Мамина кровать была справа, за дверью. Мама так изменилась, что ее было трудно узнать: бледное чужое лицо с запавшими глазами, наголо обритая голова в марлевом платочке. Она глядела перед собой невидящими глазами и не узнавала меня, но сразу открывала рот, как только я прикасалась чайной ложечкой к ее губам, и машинально проглатывала хлебные крошечки с мучной баландой. Иногда в палату приходила миловидная
Клавдии Михайловне не нравилось, что я подкармливаю маму, она сердилась и запрещала приносить еду, опасаясь за меня. Как будто бы эти ничтожные крошки что-то могли значить для меня, да и для мамы тоже? Кроме того, по возвращении в детский дом меня ждал обед (новая порция баланды с кусочком хлеба), а потом был еще и ужин (хлеб и горячий чай или отвар сосновой хвои, помогавший от цинги).
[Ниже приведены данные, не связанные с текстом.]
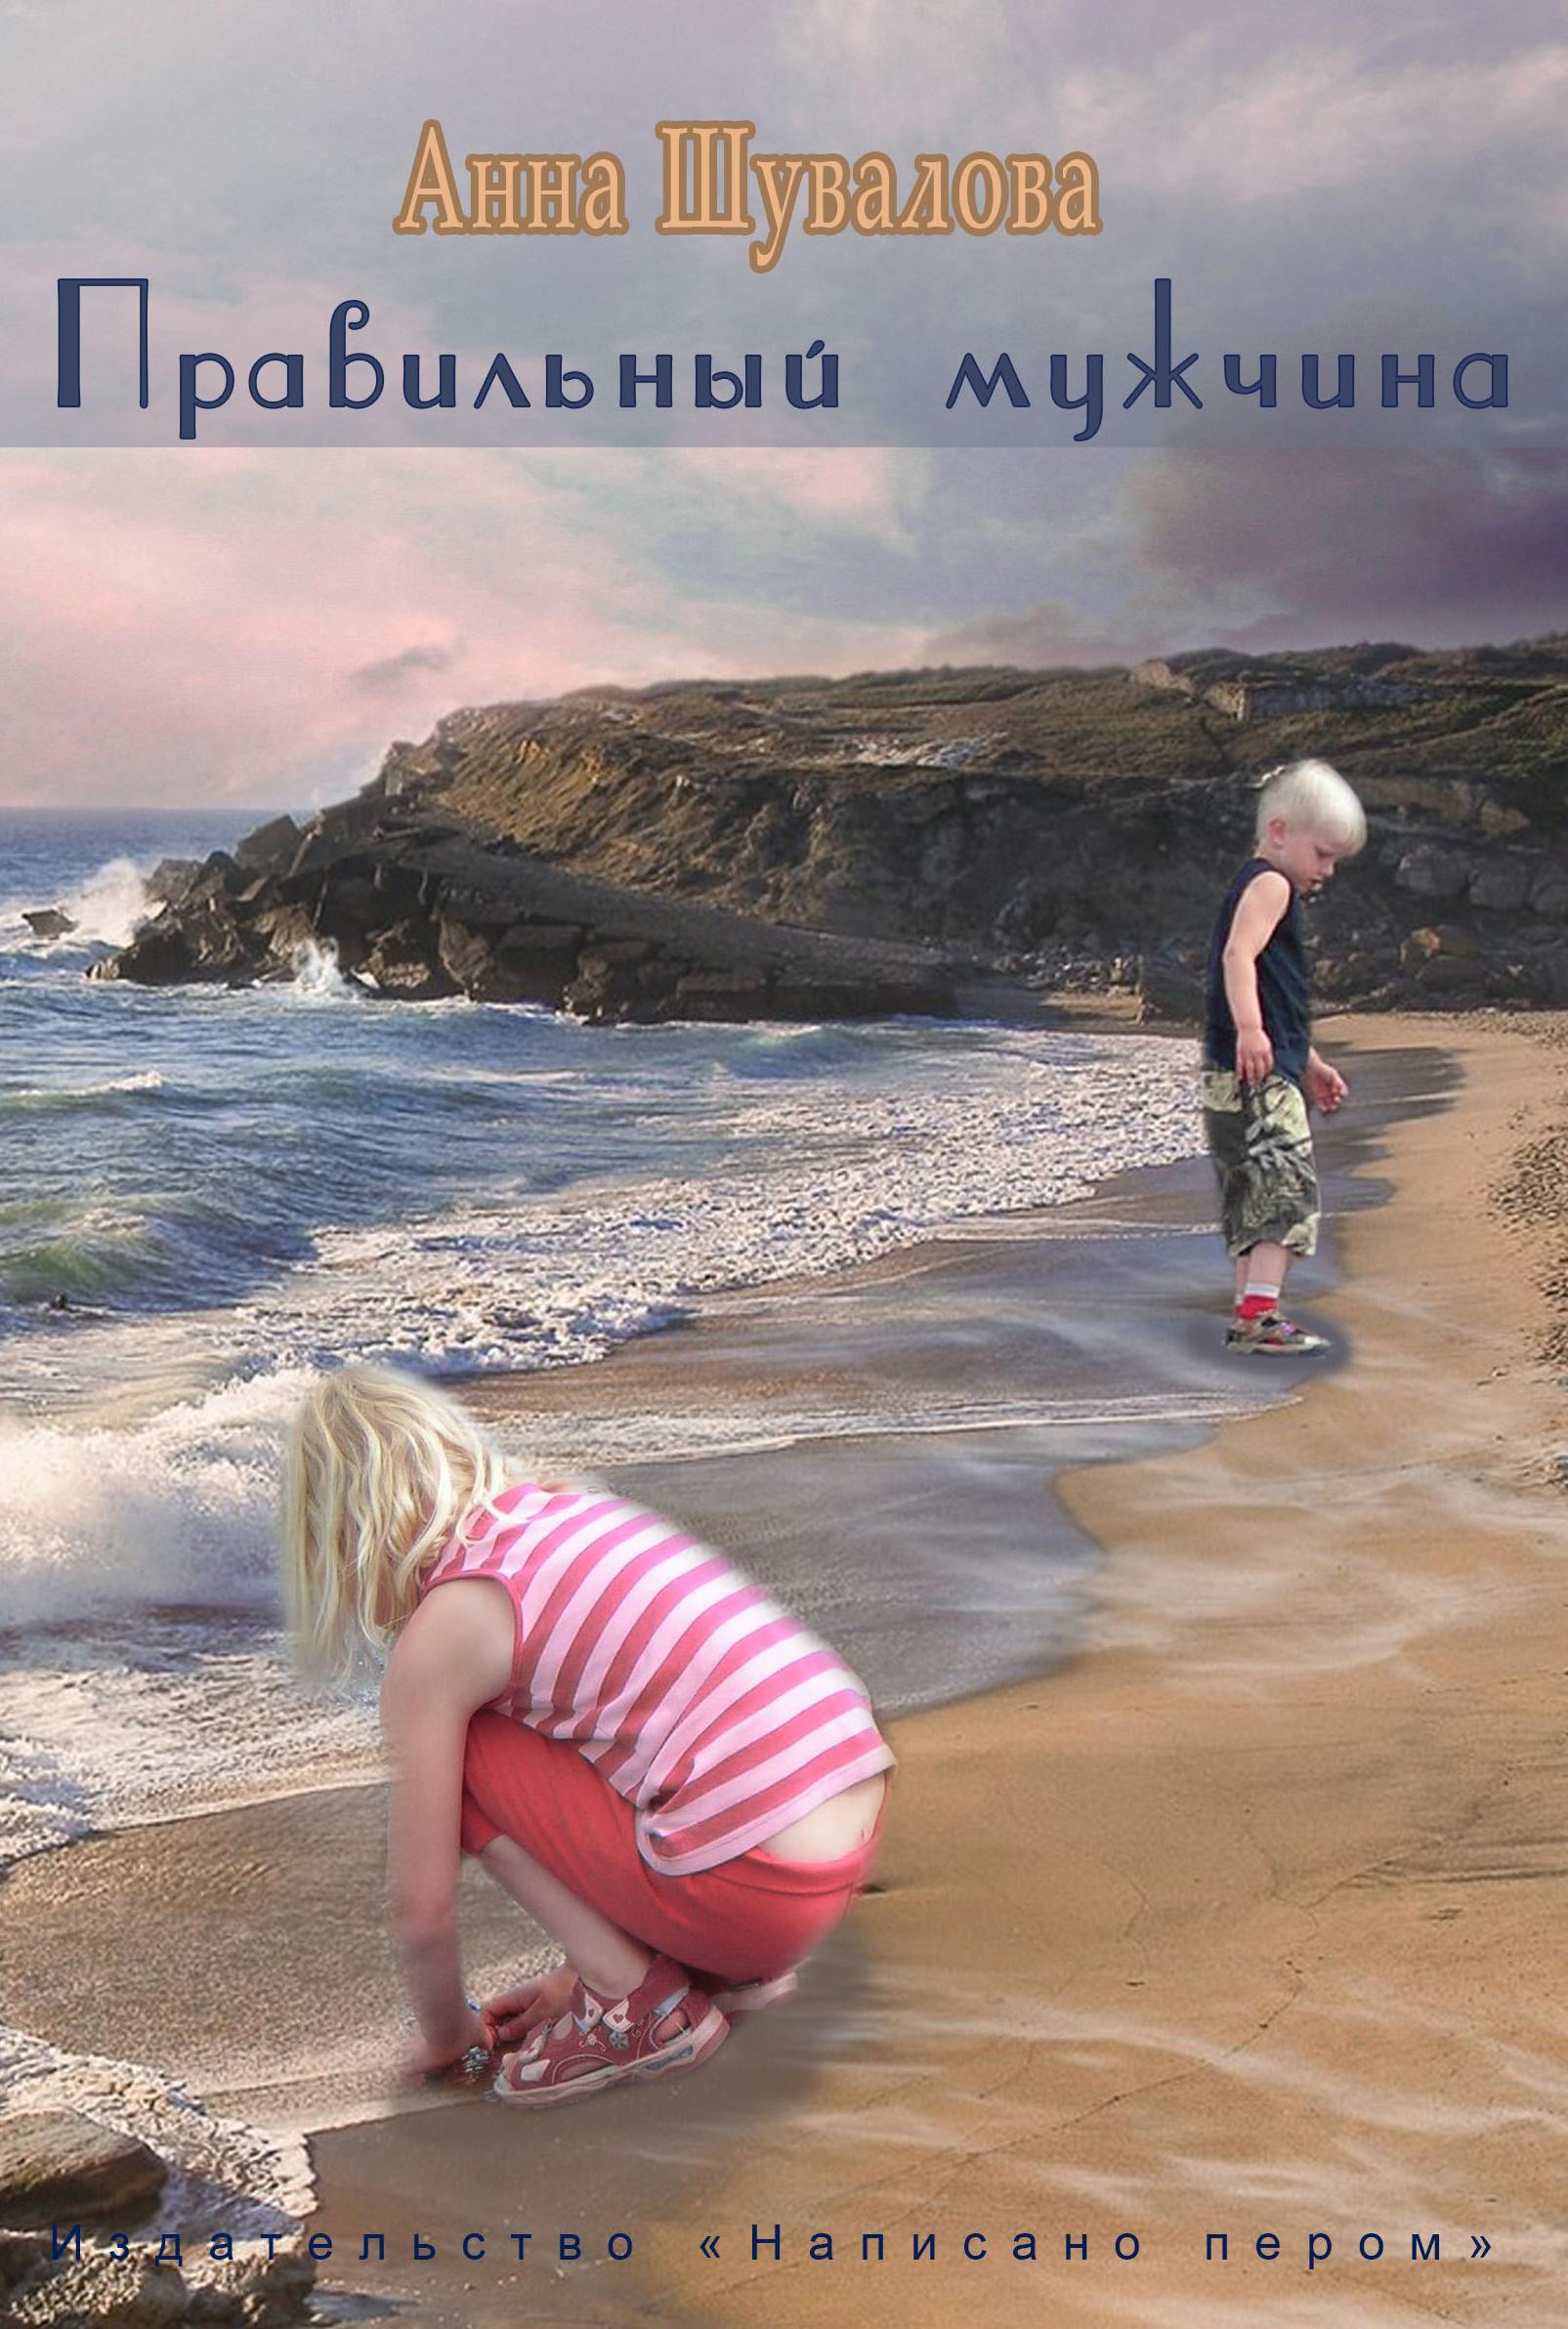 Анна Шувалова Правильный мужчина елена юрьевна антонович 10 ошибок любви и как их исправить чтобы мужчина любил вас всю жизнь

Все это я съедала сама, ничего не оставляя маме, так как надо было накапливать силы для завтрашнего дня.
Мамина жизнь убывала с каждым днем, и мне казалось, что, если я со своими крохами не приду, мама умрет. Еще до войны мама часто повторяла, что каждая песчинка значима на весах природы, а ведь она знала, что говорила. И я приходила почти каждый день, а может быть, мне это так казалось, ведь детдомовские дни были однообразны и проводили мы их в полудреме.
…В тот горький день, помимо этих крошек, я принесла кусок сухого солдатского хлеба, который дал мне военный, извинившись, что не может помочь мне добраться до госпиталя. С трудом поднявшись на второй этаж, я вдруг услышала раздраженный голос Клавдии Михайловны. Она кому-то приказывала сказать «этой девочке», что ее мама умерла и больше приходить незачем. Не знаю, откуда взялись силы, но я стремглав бросилась в мамину палату. Мама лежала в своей обычной безучастной позе и… дышала. Я разрыдалась, и меня увели. Клавдия Михайловна пыталась успокоить меня, просила простить ее за вынужденную ложь, якобы во спасение моей жизни. Я вырывалась из ее рук и долго не могла прийти в себя. Кто-то отнес меня в детский дом. Потеряв остатки сил, я перестала вставать с кровати и долго не знала, жива ли моя мама.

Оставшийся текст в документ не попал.